◆ **PROBLEM REQUIREMENTS**
Copy the listing exactly, leaving out every picture.

*** PROVIDED MATERIAL Section Begins ***

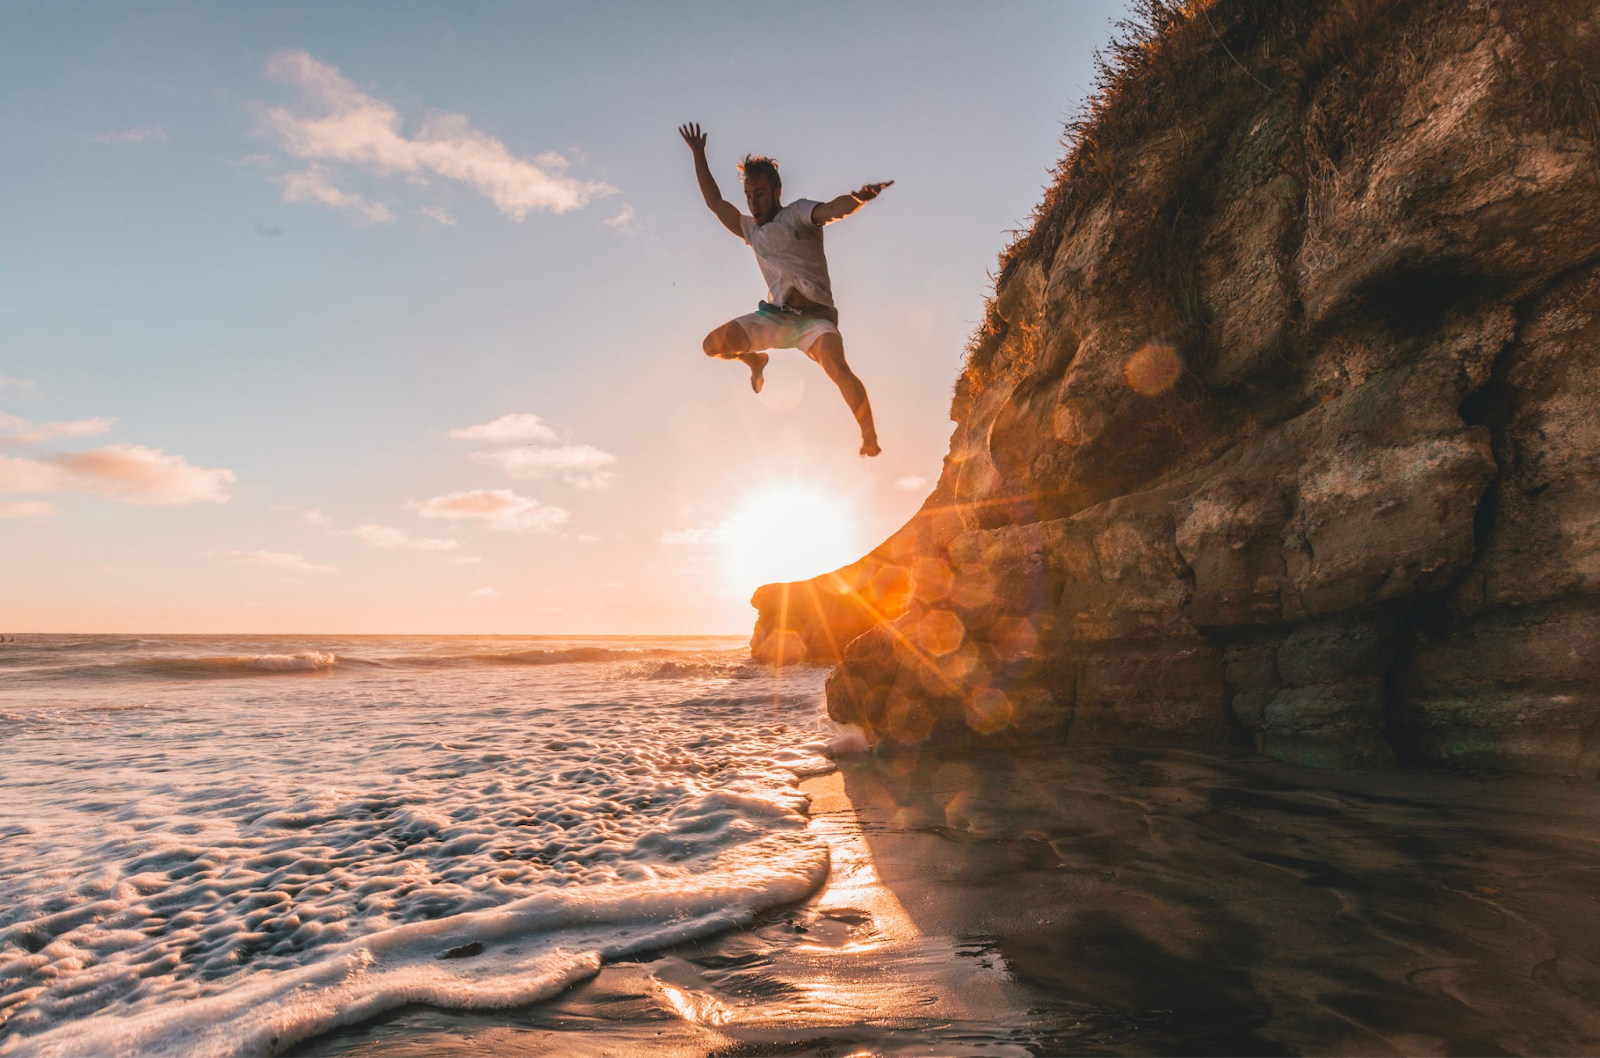 A man jumping off a cliff into the ocean on a hot summer day
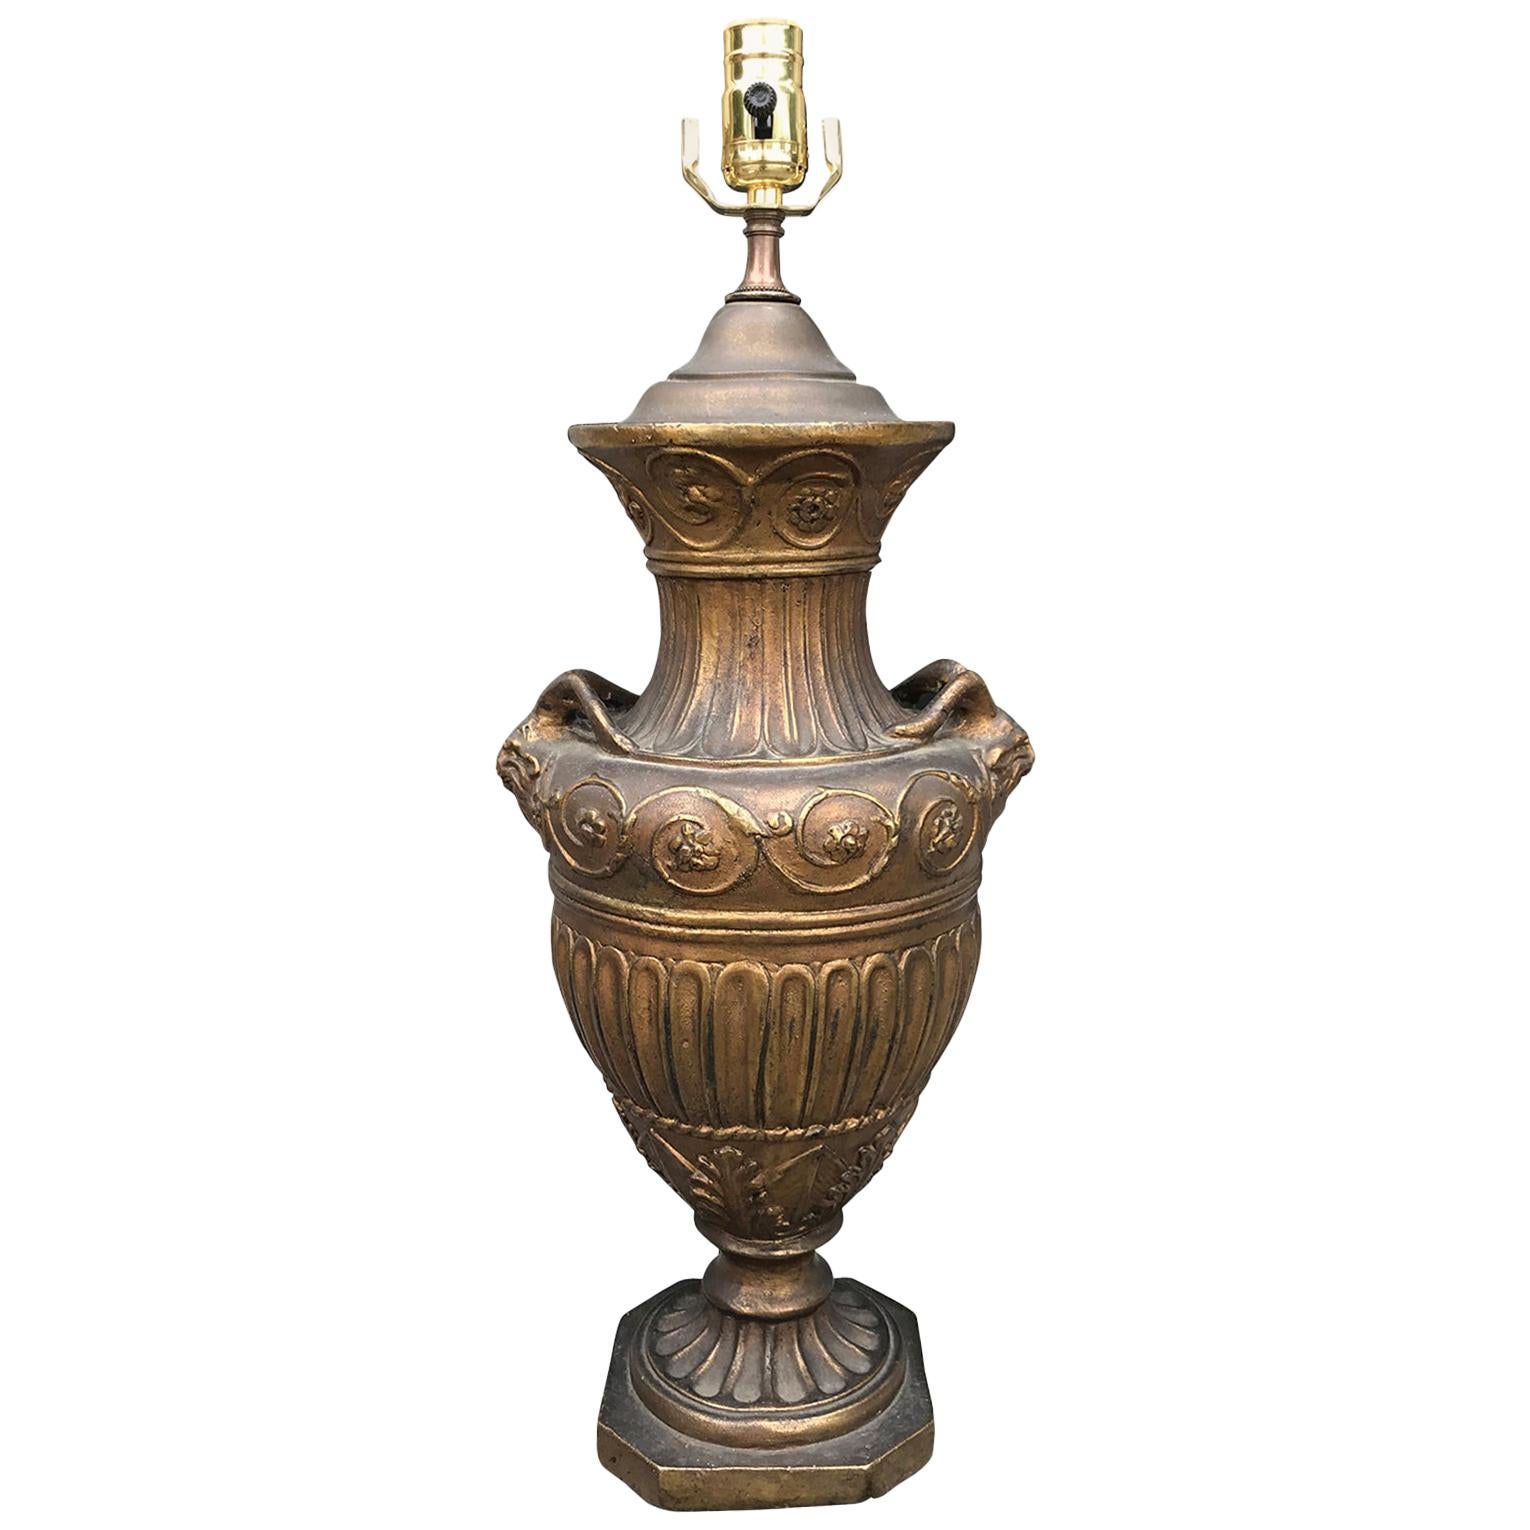 Early 20th Century Neoclassical Gilt Repousee Urn Lamp For Sale
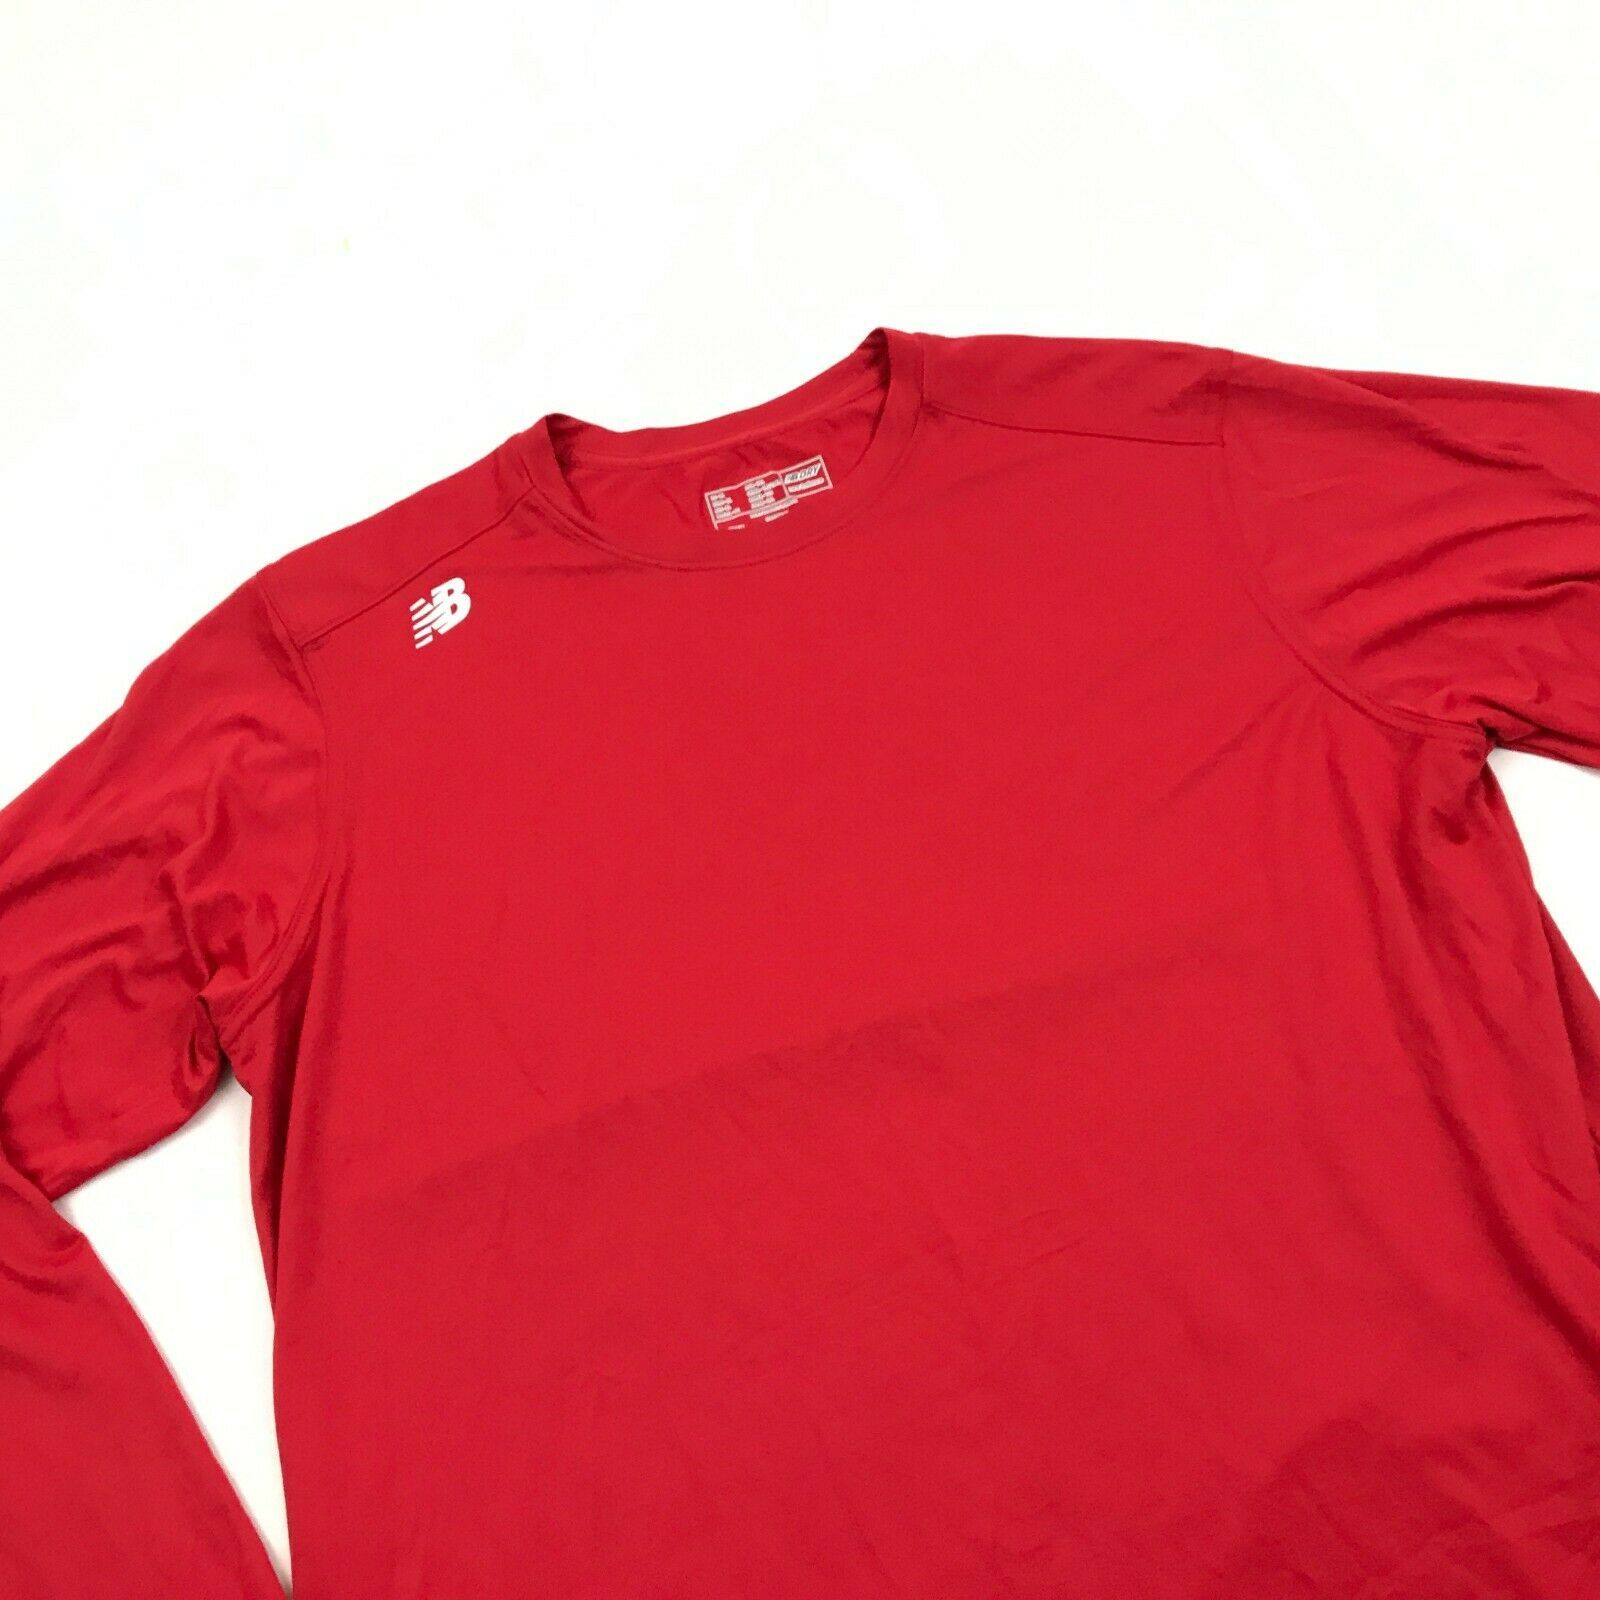 New Balance NB Dry Fit Shirt Men Size XL Extra Large Red Long Sleeve ...

*** PROVIDED MATERIAL Section Ends ***

◆ **EXERCISE OUTPUT**
 A man jumping off a cliff into the ocean on a hot summer day
 Early 20th Century Neoclassical Gilt Repousee Urn Lamp For Sale
 New Balance NB Dry Fit Shirt Men Size XL Extra Large Red Long Sleeve ...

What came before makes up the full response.